2022-10-03

Scientific visualization with Paraview

This blog write some quick notes about using the paraview to do the visualization. There are some videos here, this article records some quick notes, which can be useful for daily use.

All kinds of details about color mapping

TODO meaning of the 2d color plot
TODO discriticesed value and continuous values (check the discriticese button todo that)

Necessary thing for taking screenshot

Backgound color might be set to white color when taking a screen shot and put results into the paper as visualization reuslts. There is a color plaette at the top row of the GUI, click that can set the backgound color.

Setting legend is a trick part. The default legend is using scientific format. There is a legend label with the letter ‘e’ on that in the editing region (information section), click that button can edit the figure as needed. We can adjust title size, the anotation size, the style of the legend number as needed. If there are multiple render view in the window, and you want to save each output one by one, we may want to make sure the legend is in the same place for all figure, in this case we can set legend position section and set its lengend as needed (such as setting it to 1), so all legend will stay at the same place.

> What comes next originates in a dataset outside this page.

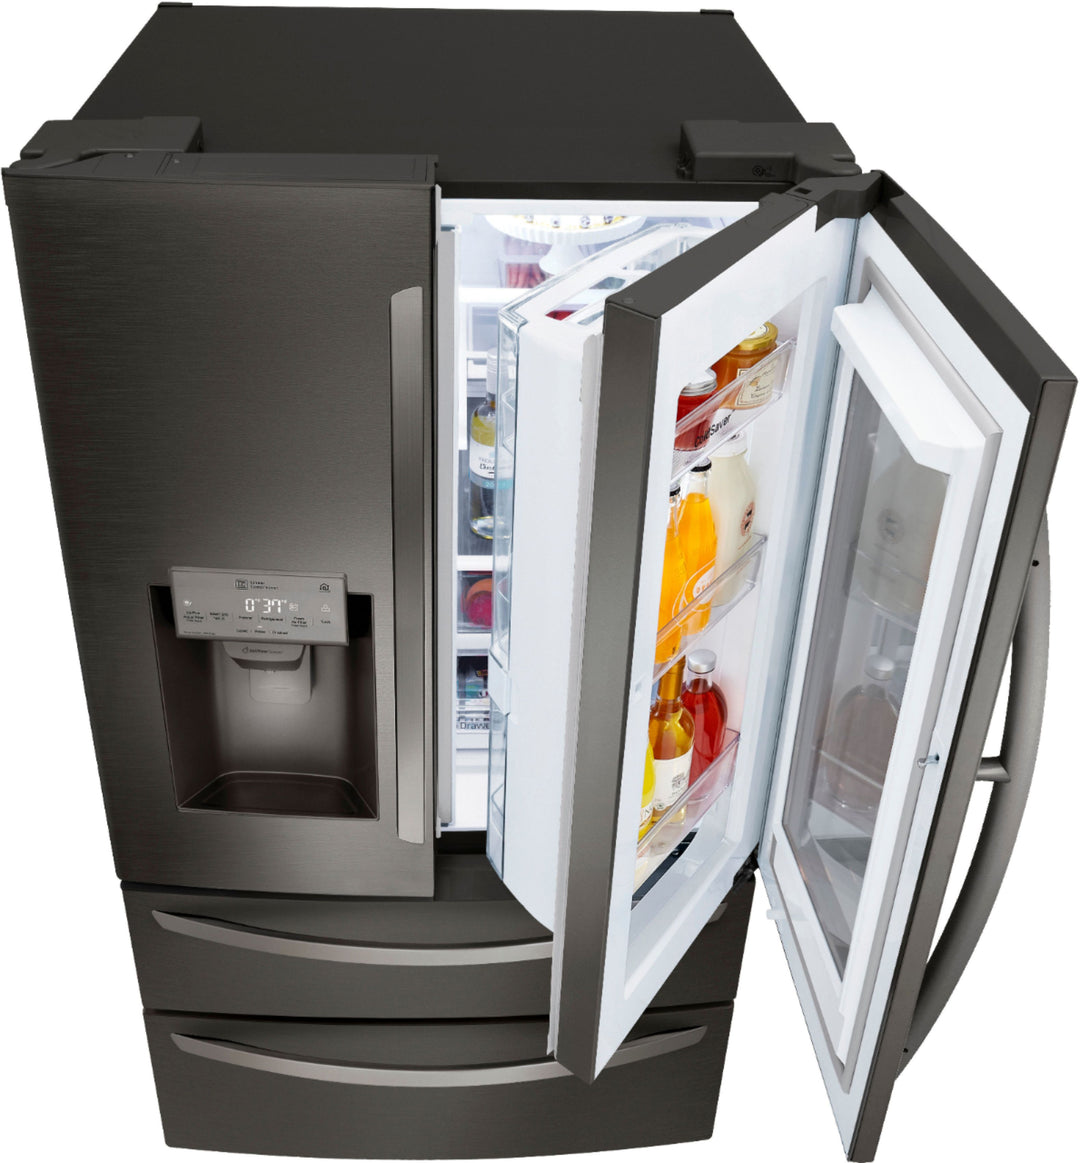 LG - 27.8 Cu. Ft. 4-Door French Door Smart Refrigerator with InstaView - Black stainless steel_3

Setting multiple render view. We ususlly want to visualize multiple figures in one row in the paper to show the results with or without specific visualization effects. In this case we want to have same view for whole visualization results. It is good to open multiple render view and use link camera to link views together. Then we can zoom in and out a little bit to find a good angle and click the save screenshot to save results. Remember to set the image resolution x and y as the same value each time when you want to save the image.

Remember to save the state if there are mutliple views and complicated settings, you do not want to redo all things from scratch when you want to show results to your colleages or continue to edit the previous visualization results.

Sometimes we may use the isocontour, or iso related thing, if there is only one value associated with it, we just set it as a solid color, otherwise, the color might be messed up, it will still think that we choose color from a specific range (which is not the expected results since we only have one value associated with it).

Find the data id list

Once, I need to check if the adjacent id of the mesh also locates at the adjacent physical positions, there is really useful function: using view->find data to label out the particle ids in a specific range. We can select out specific data and the associated selected data will be labeled out by pink dot, we can track the id associated with each data point, that can be helpful for debugging parallel processing based on vtkm. We can only select the region with wrong output and check it in particular.

Connect to remote server

For a long time, I run the paraview in local machine, I basically transfer the node to my local env. It is not the most efficient way to do use the paraview. For lots of cases, the large scale data is located on the Cluster, we need to run the paraview by a job on the cluster and then use local paraview as a client to login to the remote server. Just click that connet botton, and fetch all configurable servers. If you run the code on the typical HPC, then there is a terminal will be poped out, after login the password and token, the pv server is then started according to the configurations, such as process number.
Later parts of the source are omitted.